## EXERCISE INSTRUCTIONS
Your task is to copy the listing exactly, with the pictures left out.

## MATERIAL PROVIDED
****

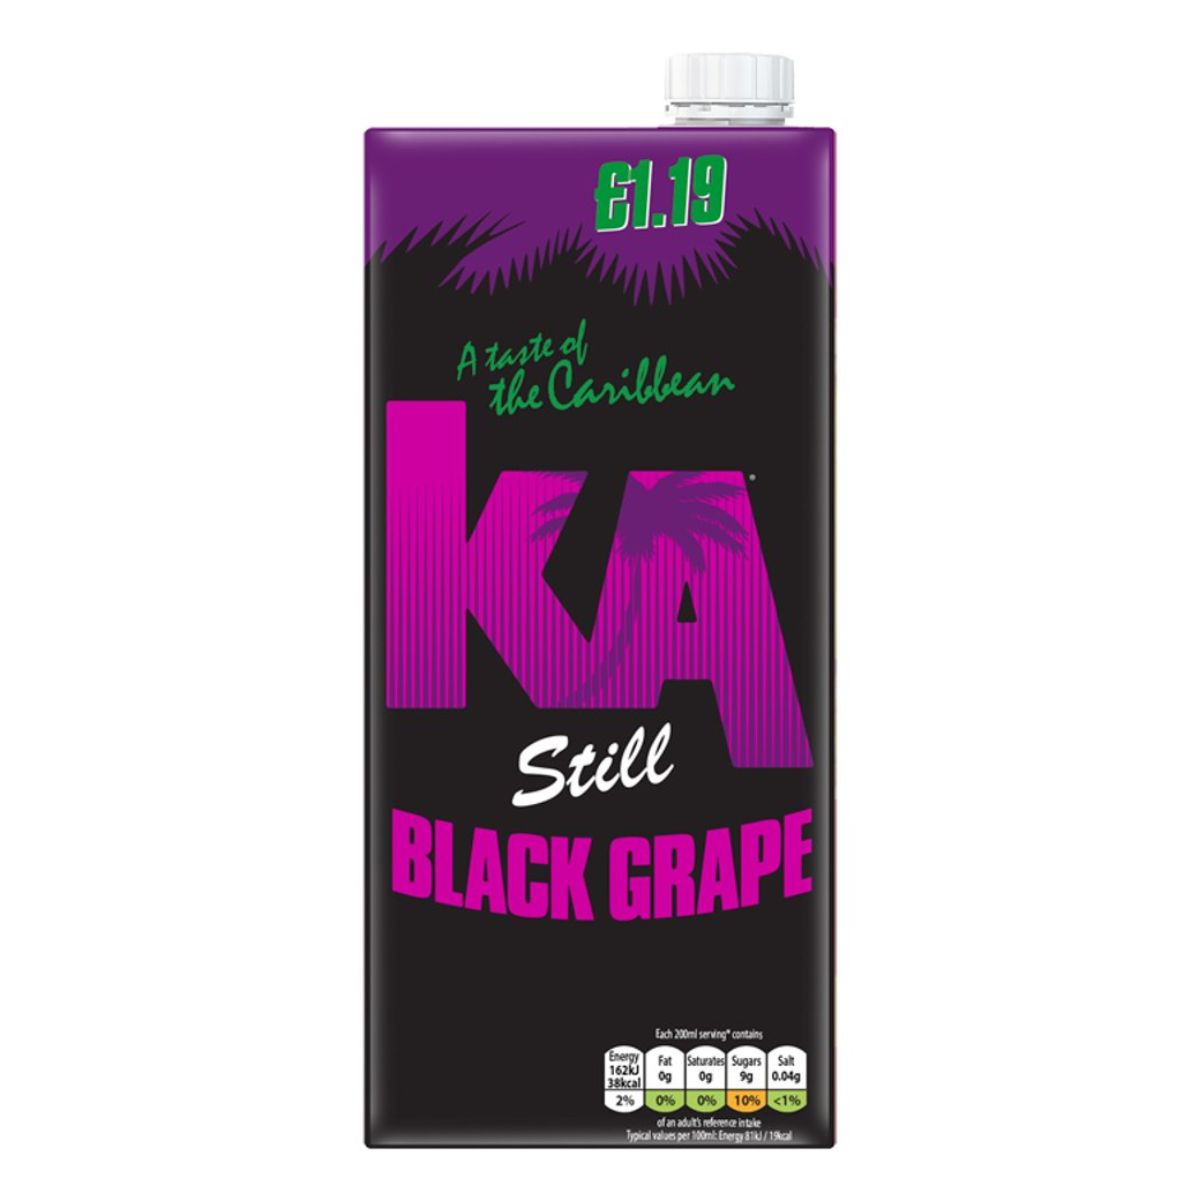 KA - Still Black Grape - 1L still black grape juice.
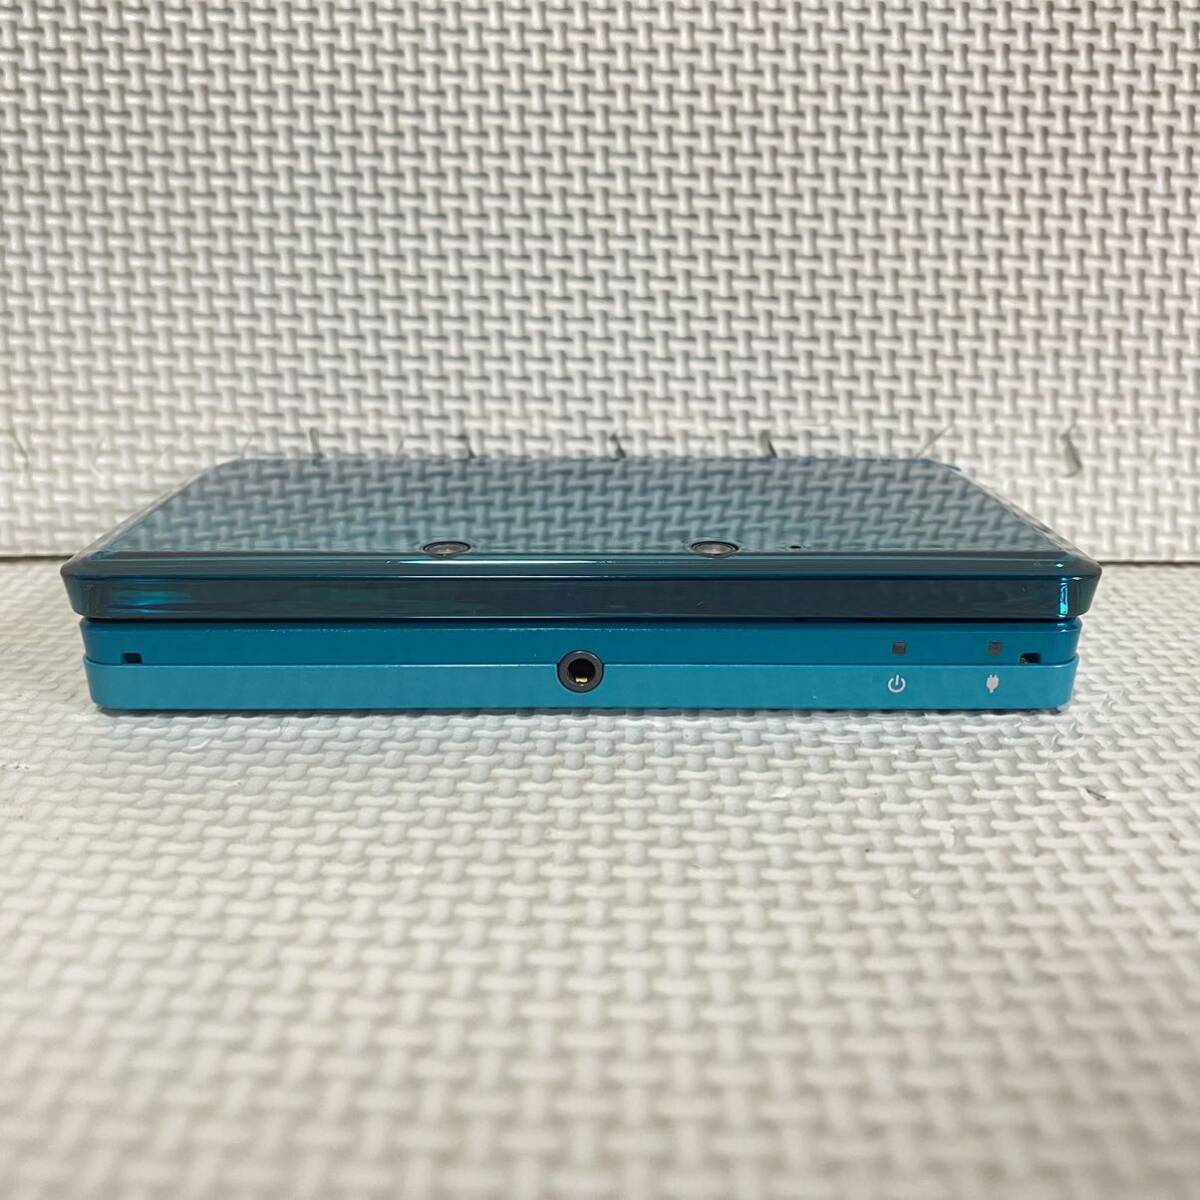 1 jpy * Nintendo 3DS aqua blue Nintendo nintendo CTR-001(JPN) charger AC adapter SD memory 4GB touch pen blue emerald green 
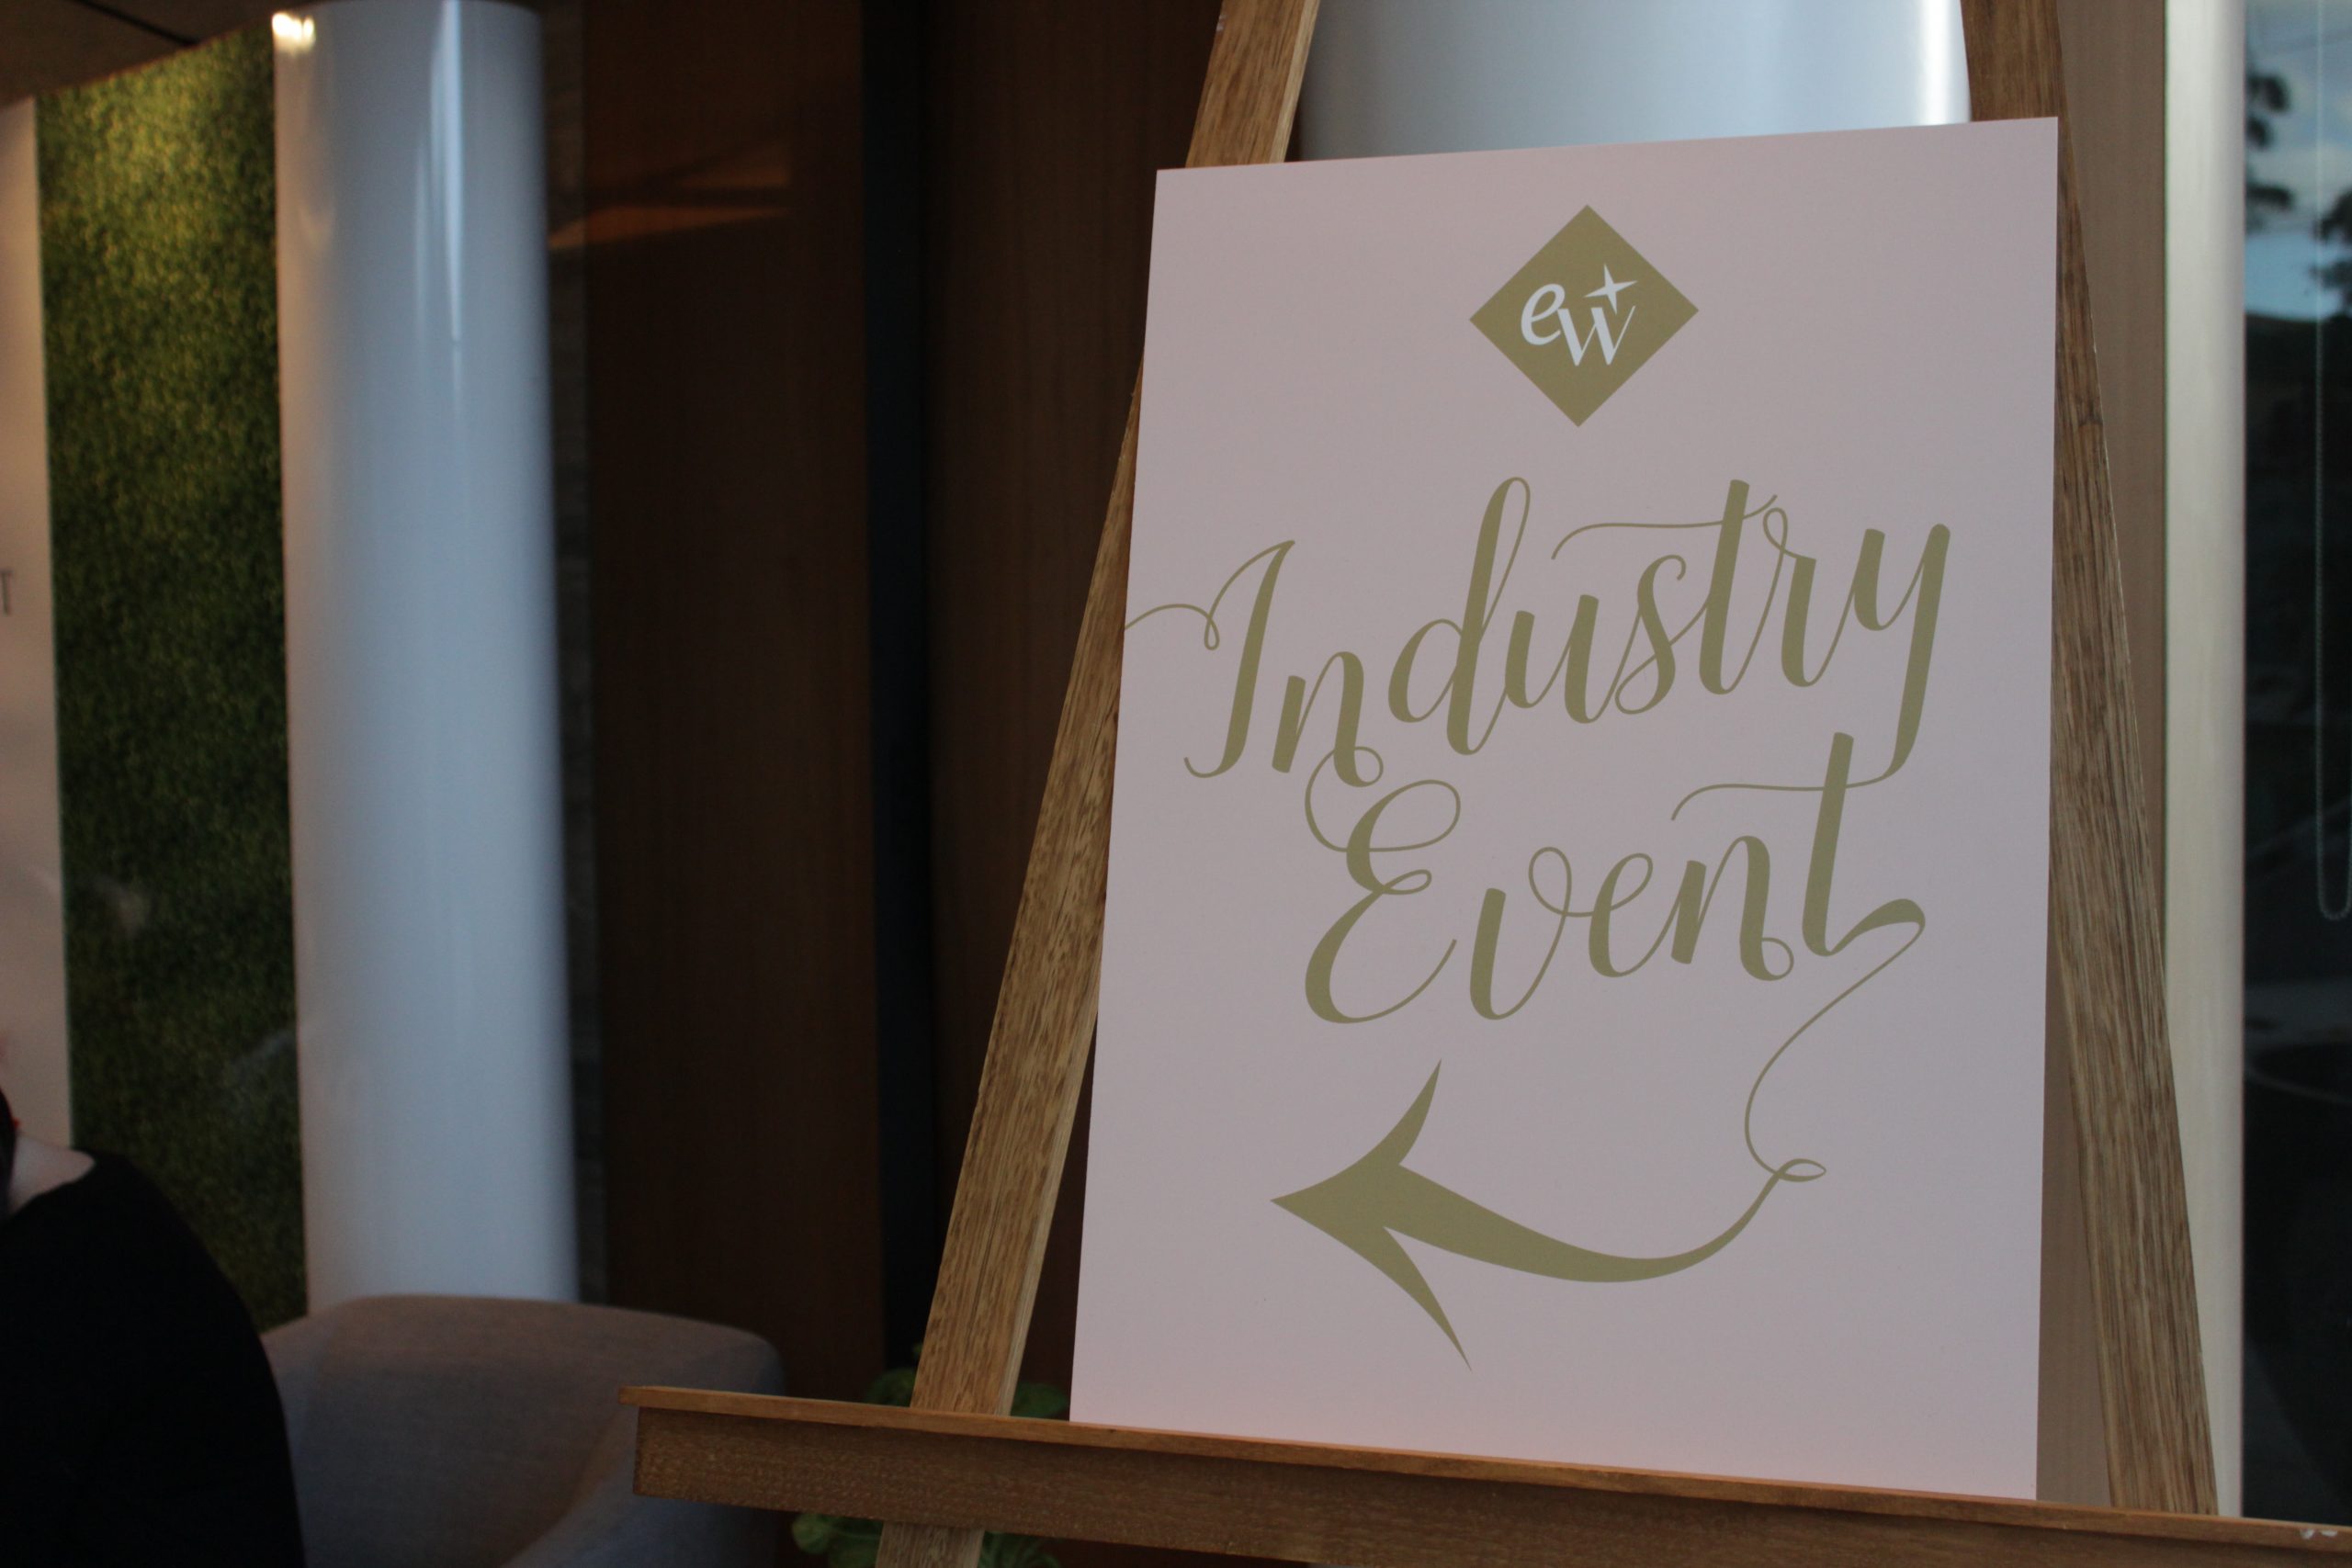 wedding industry event

****

## TASK RESPONSE
 KA - Still Black Grape - 1L still black grape juice.
 1 jpy * Nintendo 3DS aqua blue Nintendo nintendo CTR-001(JPN) charger AC adapter SD memory 4GB touch pen blue emerald green 
 wedding industry event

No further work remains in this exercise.